**PROBLEM STATEMENT**
A word-for-word copy of the lines below, starting at the line with "Pollitos intenta fomentar" and ending at the last one, is what you should give. Omit every picture.

**SOURCE MATERIAL**
■ ■ ■ ■ ■
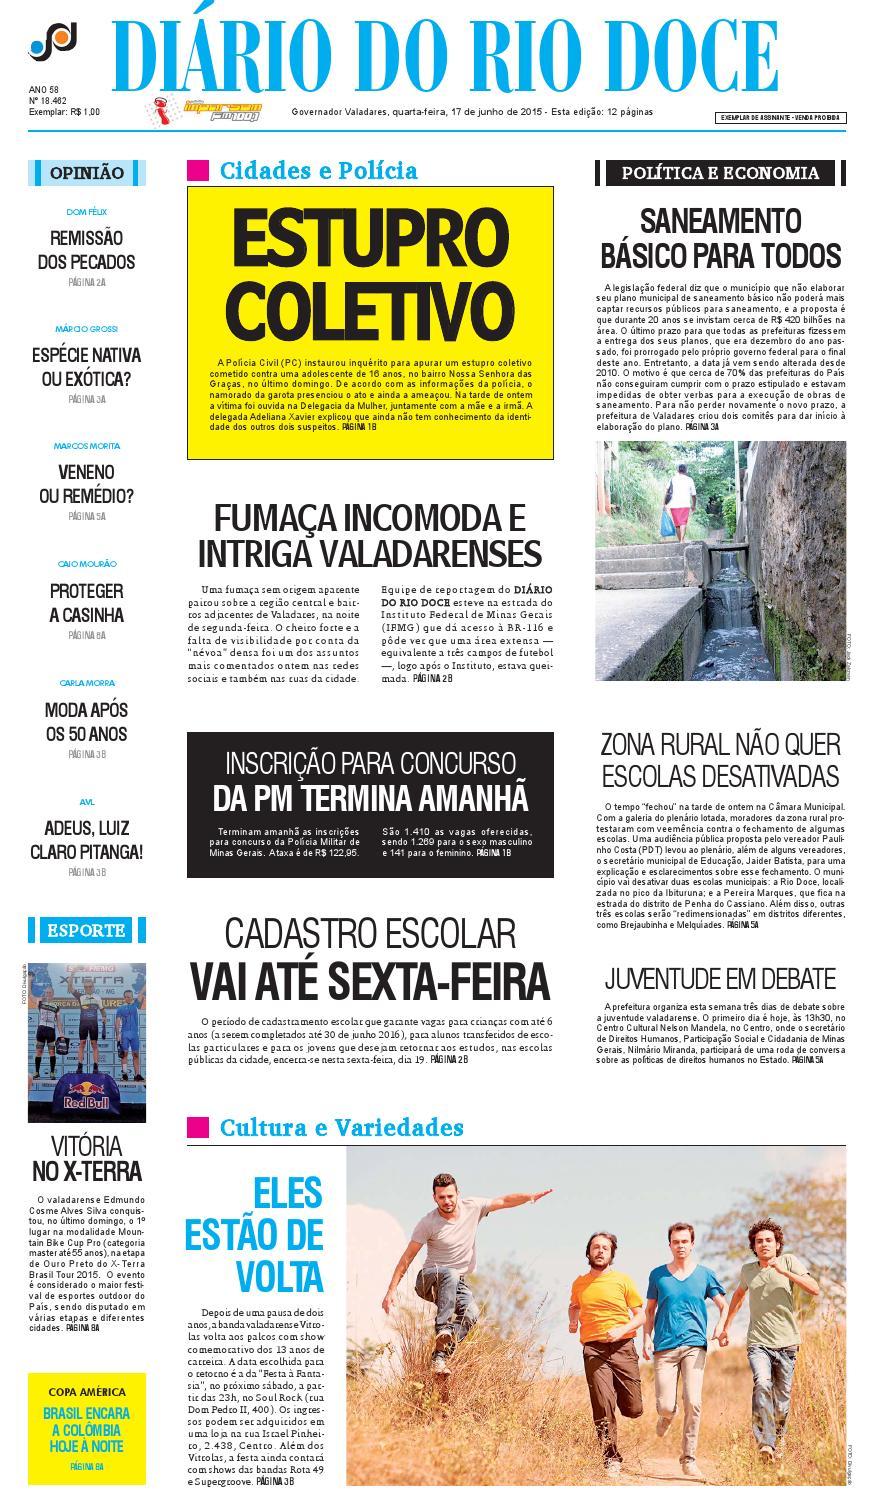 Diário do Rio Doce - Edição de 17 06 2015 by Diário do Rio Doce - issuu e4c3208602
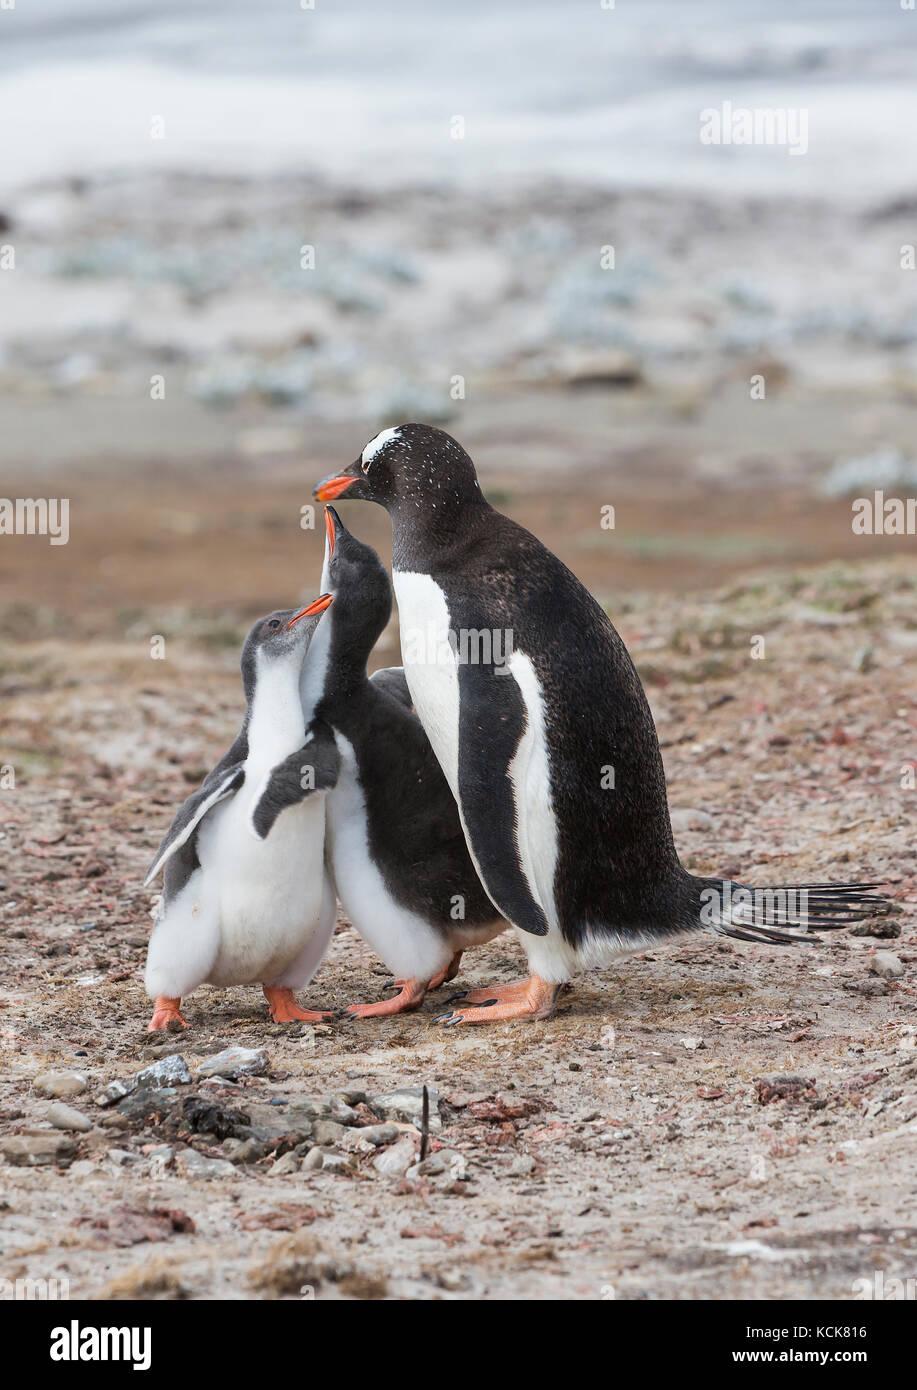 Pollitos intenta fomentar la alimentación desde un adulto pingüinos papúa (Pygoscelis papua) la Isla Imagen De Stock
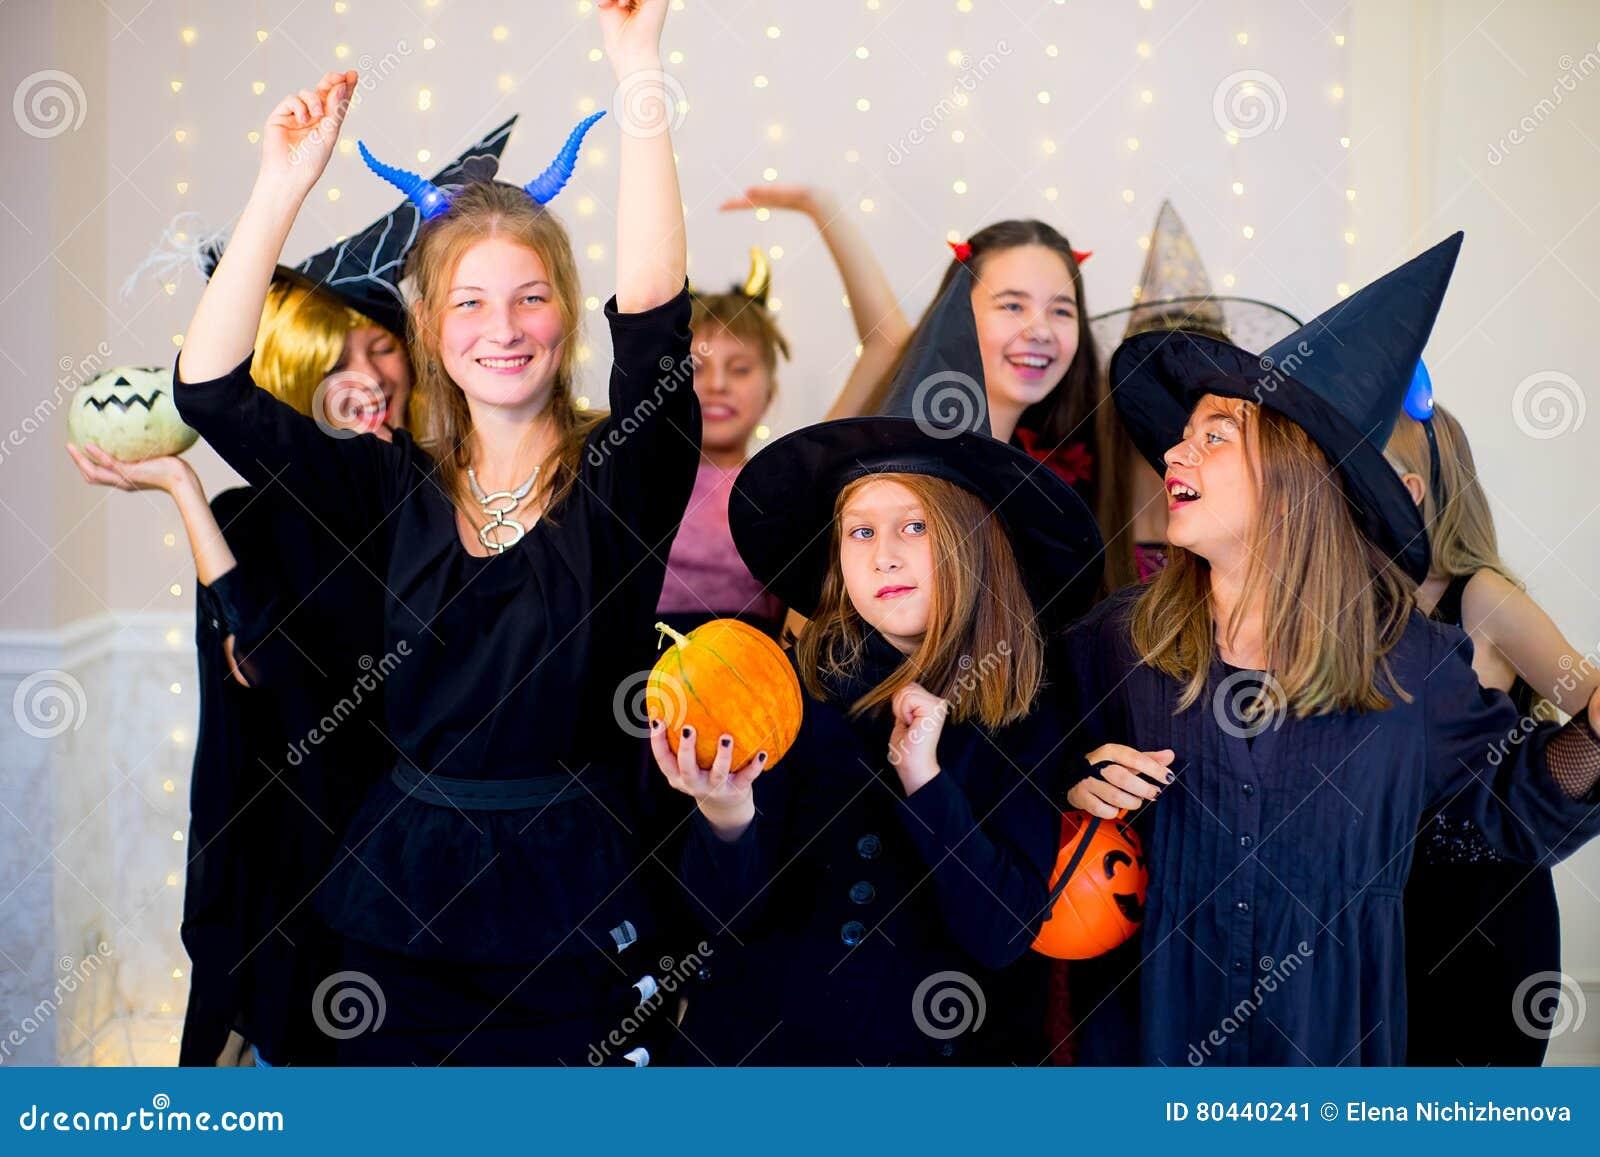 Gluckliche Gruppe Jugendliche Tanzen In Halloween Kostume Stockbild
■ ■ ■ ■ ■
**RESULT OF THIS TASK**
 Pollitos intenta fomentar la alimentación desde un adulto pingüinos papúa (Pygoscelis papua) la Isla Imagen De Stock
 Gluckliche Gruppe Jugendliche Tanzen In Halloween Kostume Stockbild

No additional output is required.